A monthly return will not be required if no lobbying activities have occurred in the preceding month. However, if no lobbying activities have occurred for five months, then a return stating as much will need to be filed at the end of the sixth month. This requirement will replace the organization’s existing obligation to file a return “within 30 days of the end of each 6-month period after the date of filing the previous return”.
- Gifts to public office holders will be (all but) banned
After May 4, 2020, lobbyists may not give or promise to give gifts, either directly or indirectly, to any public office holder whom the lobbyist is lobbying. The only exception is for gifts “under the protocol or social obligations that normally accompany the duties or responsibilities of office of the public office holder”, and only to the extent that the total value of all such gifts in a 12-month period does not exceed $100.
- The Registrar will have broader enforcement powers
In addition to the current administrative monetary penalties of up to $25,000, the amended Act will give the Registrar the ability to impose a prohibition on lobbying and related activities of up to two years.

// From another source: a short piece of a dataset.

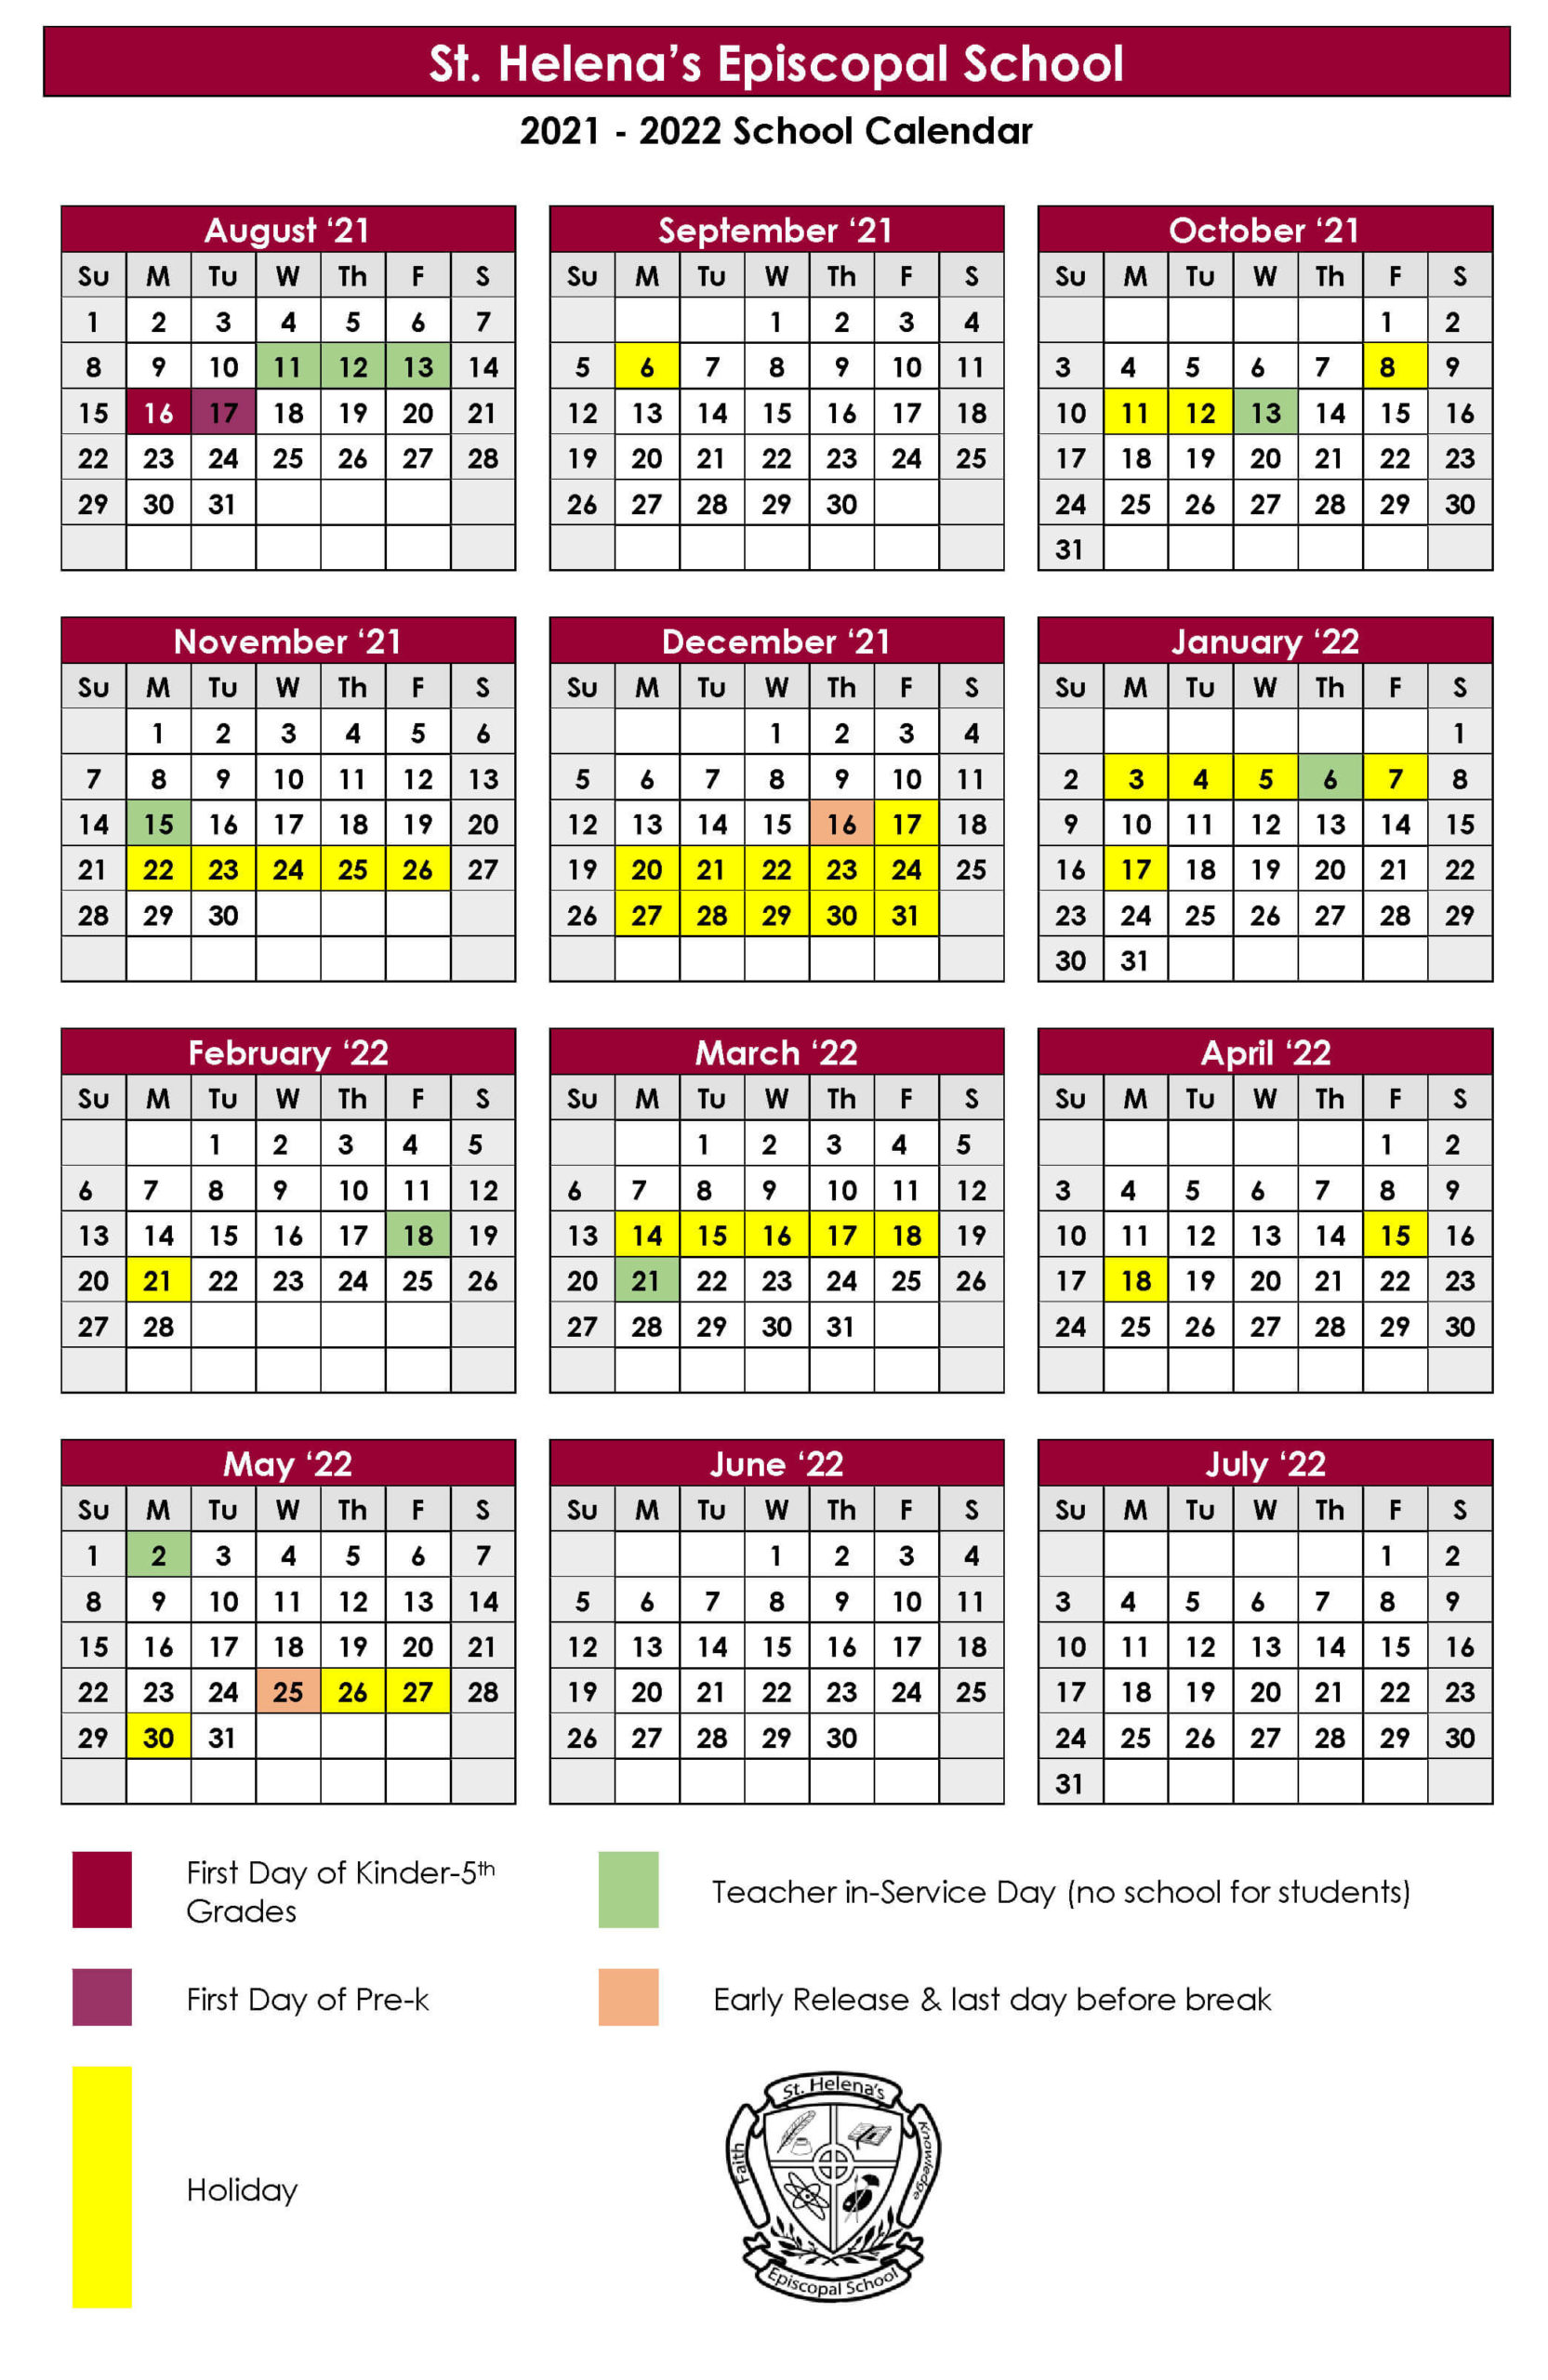 calender-st-helena-s-episcopal-school-event-school-calendar

- Mandatory five-year review
The Act will require a committee of the Legislative Assembly to review the Act at least once every five years, and submit a report to the Legislative Assembly within one year of beginning the review. The report may recommend amendments to the Act.
The bottom line
Jurisdictions across Canada are trending towards lobbying rules that require more registration, that track and publicize more activity, and that stiffen punishments for contraventions. These trends are evident in the latest changes to British Columbia’s lobbying rules — particularly the elimination of registration thresholds, enhanced reporting requirements, a new category of prohibited conduct, and new penalties that can be levied against rule breakers.
Everyone who engages with government in British Columbia — whether they are obligated to register under the soon-to-be-former rules or not — should take time to review these legislative and regulatory changes and understand their impact before May 4, 2020.